Une affiche du podcadt de radio nova

Face à Spotify et TikTok, Radio Nova reste le grand prescripteur de la scène musicale

© Radio Nova

Radio Nova fête ses 40 ans. Dans une époque où la musique se découvre sur TikTok et s'écoute sur Spotify, la petite station tient son cap de grand pourvoyeur de nouveaux talents.

En cette année 2022, Radio Nova célèbre ses 40 ans d’antenne. Pour l'occasion, elle a proposé à sa fidèle audience 42 heures de podcasts retraçant son histoire. À travers des témoignages, des archives et des morceaux de l’époque, on découvre cette petite radio (seulement 25 fréquences sur toute la France) qui joue encore un rôle central dans la découverte et la prescription musicale. Mélanie Mallet, directrice d’antenne, nous raconte comment Radio Nova parvient à conserver sa place d'outsider face aux plateformes de streaming. Interview. 

On vous surnomme « bébé Nova », car vous avez fait presque toute votre carrière dans cette radio, depuis le poste de standardiste jusqu'à celui de directrice d’antenne. Pouvez-vous nous expliquer cet attachement à cette maison ?

Mélanie Mallet : J’étais quelqu’un d’assez ascolaire et plutôt passionné par la musique donc rétrospectivement je n’ai jamais eu d’autre choix que de venir ici. J’ai surtout tout de suite défini et compris intérieurement ce ton Nova qui m’appelait. Après un premier stage chez TSF Jazz, j’ai commencé en tant que standardiste. J’ai voulu partir plusieurs fois et chaque fois on m’a rattrapé pour monter sur un autre projet ou travailler sur des émissions. Ce que je comprends maintenant, c’est qu'il est très dur de s’ennuyer ici.  

À vous entendre, on a l’impression que vous parlez d’une maison familiale. 

M.M : Oui, c’est totalement ça, on a des ambitions mesurées. L’idée de Nova n’a jamais été de faire un empire ou un château, mais plutôt une belle maison agréable à vivre. C’est vraiment ça depuis 1981 et ça n’a pas changé sur ce point. On assure la même mission : sélectionner et faire découvrir de la bonne musique. Mais on est toujours flattés d’être comparés à des mastodontes comme France Inter. Comme on aime le dire, on est la plus petite des grosses radios.

Du coup, célébrer les 40 ans de la radio, c’est un peu comme organiser l’anniversaire de ses parents ?

M.M : C’est dix fois pire. On se sent héritier de toute cette histoire et on s’est posé mille questions pour rendre le meilleur hommage possible. À la fin on s’est dit qu’il fallait raconter l’histoire de Nova. C’était la chose la plus logique à faire et ça a été un véritable défi qui nous a pris un an de travail. On s’est basé sur 93 témoignages de gens qui ont travaillé à Nova. En fonction des anecdotes qu’ils nous ont racontées, Isadora Dartial, la journaliste en charge des archives chez nous est partie à la recherche des grilles de l’époque, quand elles existent encore, pour retrouver les extraits qui permettent d’illustrer les propos. C’était totalement vertigineux, on a produit 42 heures de podcasts avec un tiers de témoignages, un tiers d’archives et un tiers de musique. 

L’époque est révolue où les radios étaient des faiseuses de stars. Aujourd’hui, les gens découvrent les artistes sur TikTok ou écoutent leurs morceaux préférés sur Spotify. Et Radio Nova dans tout ça ?

M.M : Je suis très optimiste et très pro changement. Du coup, je trouve ça super. Mais surtout, de ce qu’on peut observer, Nova n’a pas perdu de son influence. On reçoit toujours énormément de musique et de nouveaux artistes tous les jours : 93 % des morceaux qui sont joués chez nous ne sont joués nulle part ailleurs et on joue 50 % de nouveautés qui ont moins de 9 mois.

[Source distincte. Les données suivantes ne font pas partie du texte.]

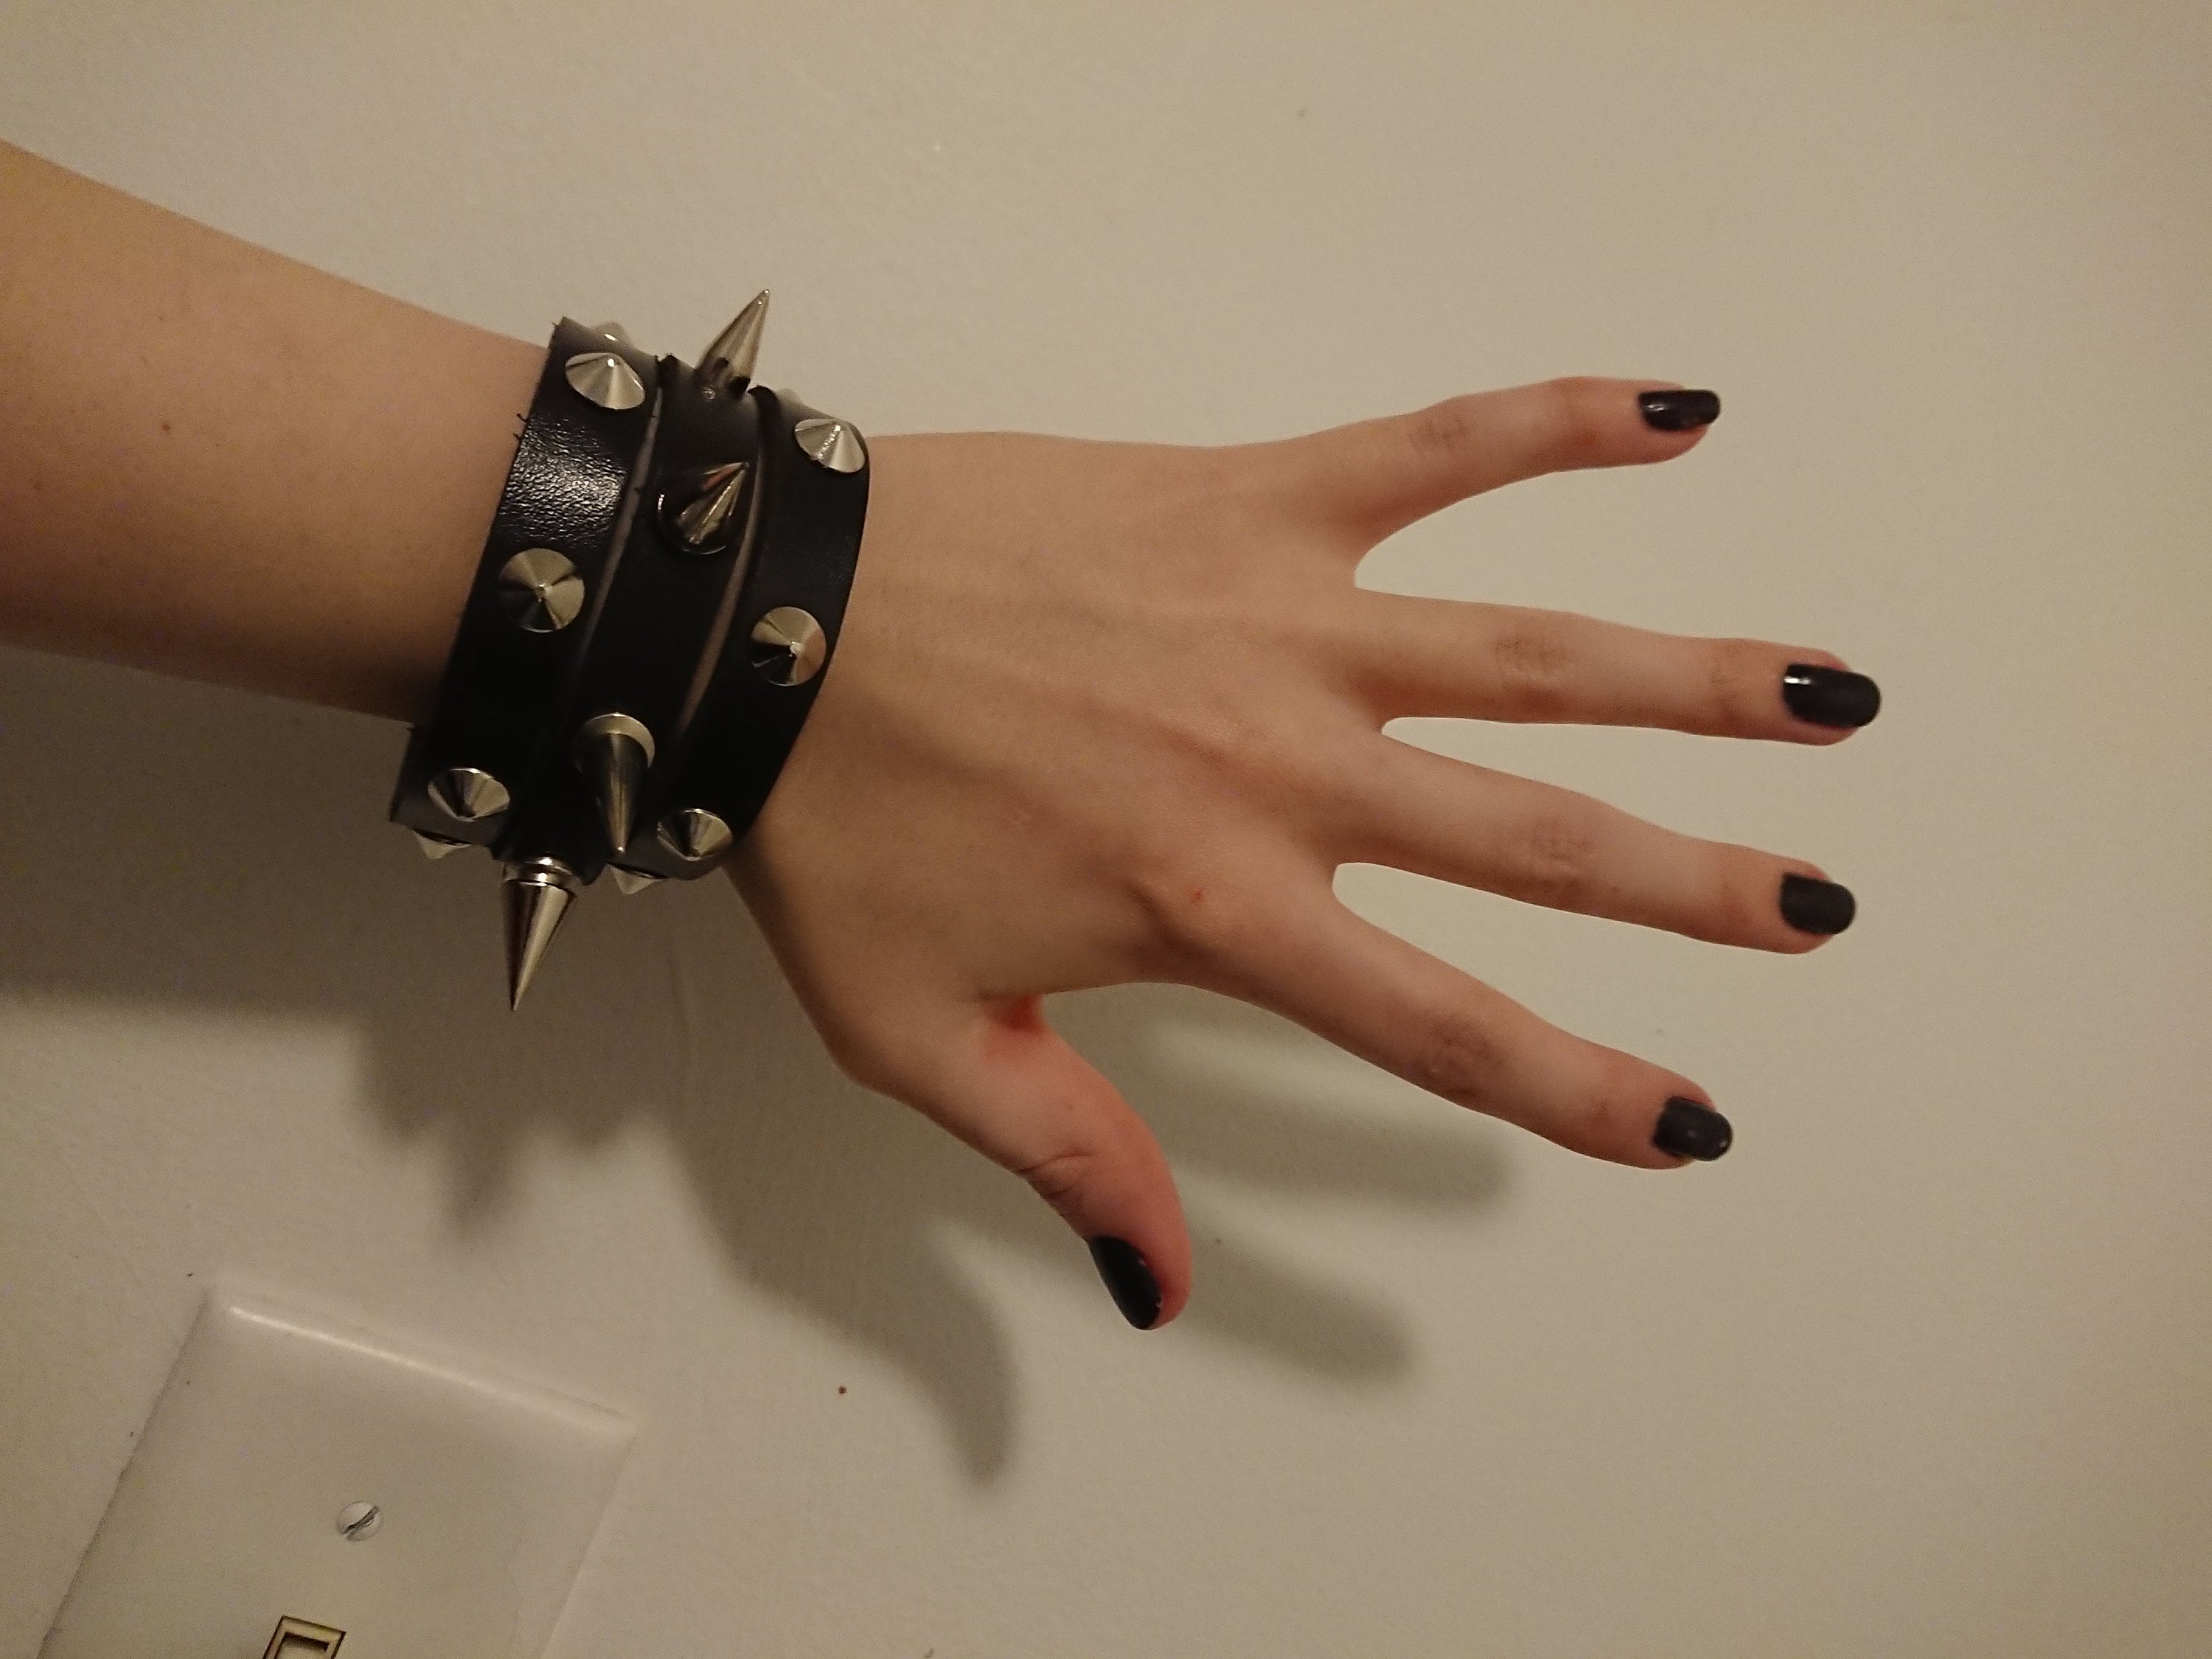 Pair of Spiked Black Leather Wrist Cuffs, Unisex Goth Punk Bracelets,  Gothic Metal Spikes Emo Alternative 3 in One - Etsy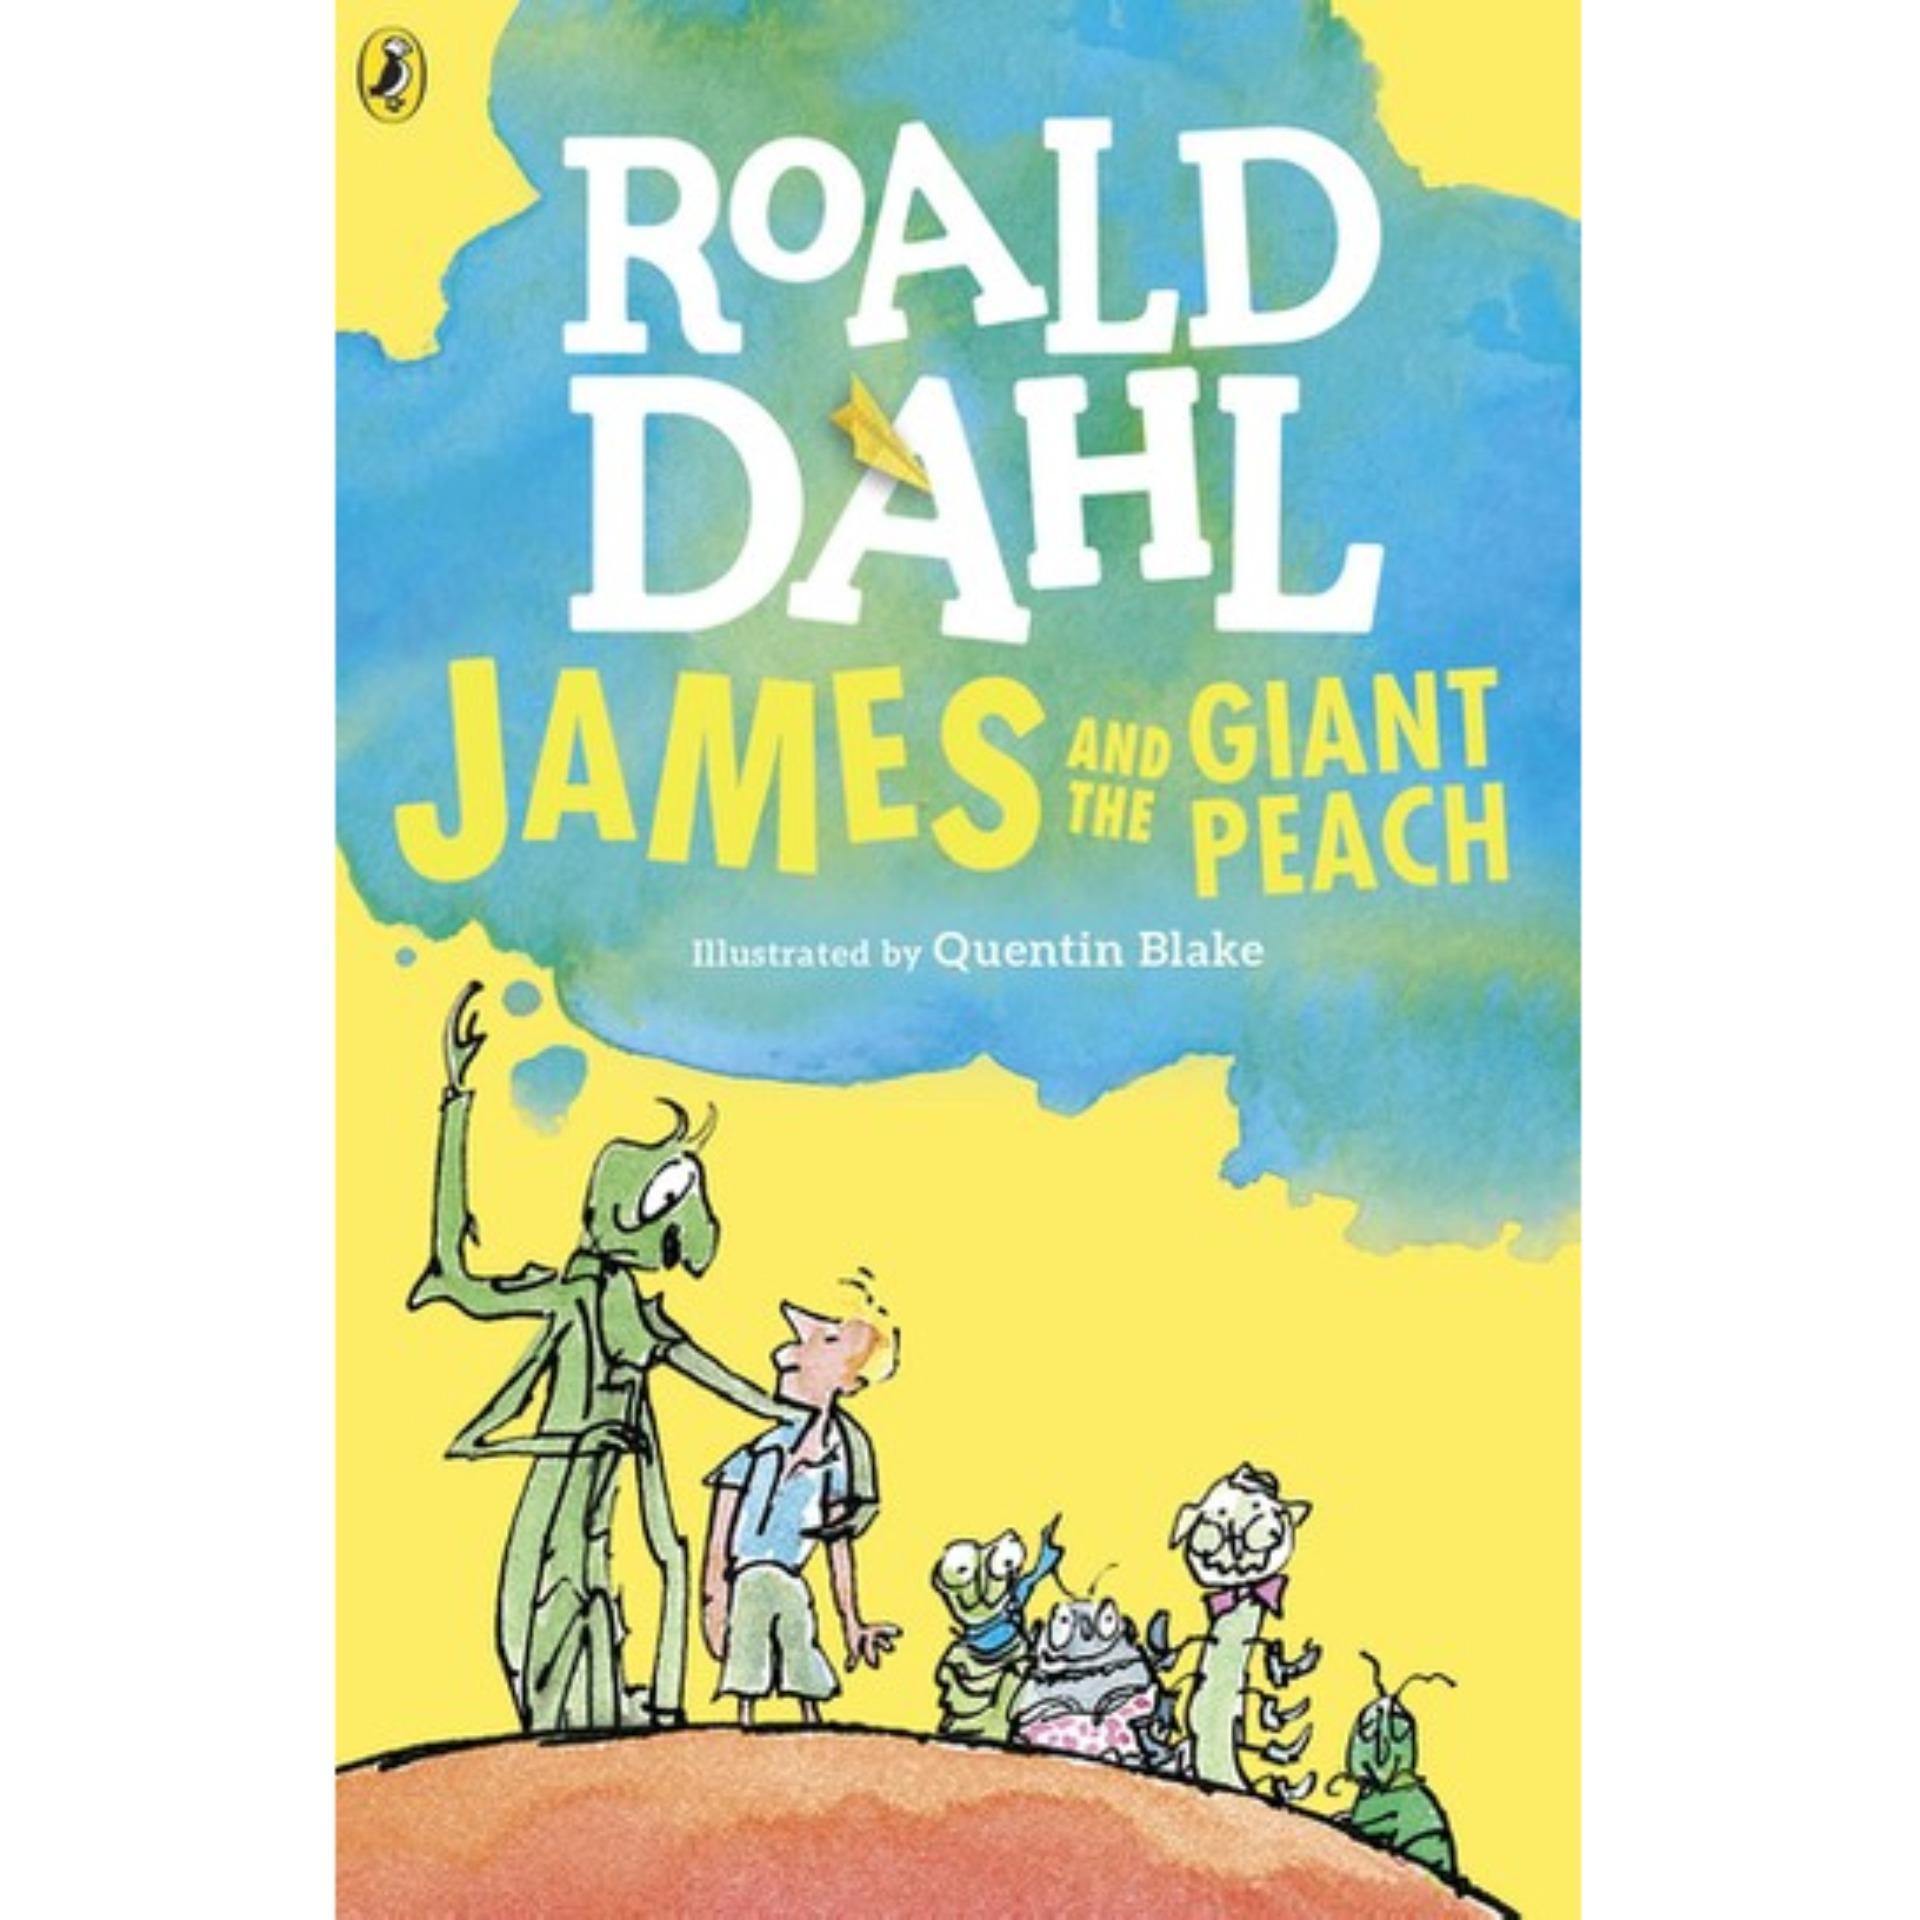 James and the Giant Peach by Roald Dahl - Book A Book

On est toujours prescripteurs et défricheurs et notre mission a d’autant plus de sens que le paysage a beaucoup changé et s’est complexifié. Si les auditeurs vont sur les plateformes de streaming, ça n’est pas un souci car on y est très présents avec des playlists éditorialisées et des compilations. Ensuite, on change aussi notre manière de faire. Avant, notre fondateur Jean-François Bizot partait en Jamaïque remplir ses valises de vinyles. Maintenant on va farfouiller TikTok ou d’autres recoins du Web pour trouver ce qui nous plaît. Notre mission reste la même... nous avons juste de nouveaux territoires à explorer.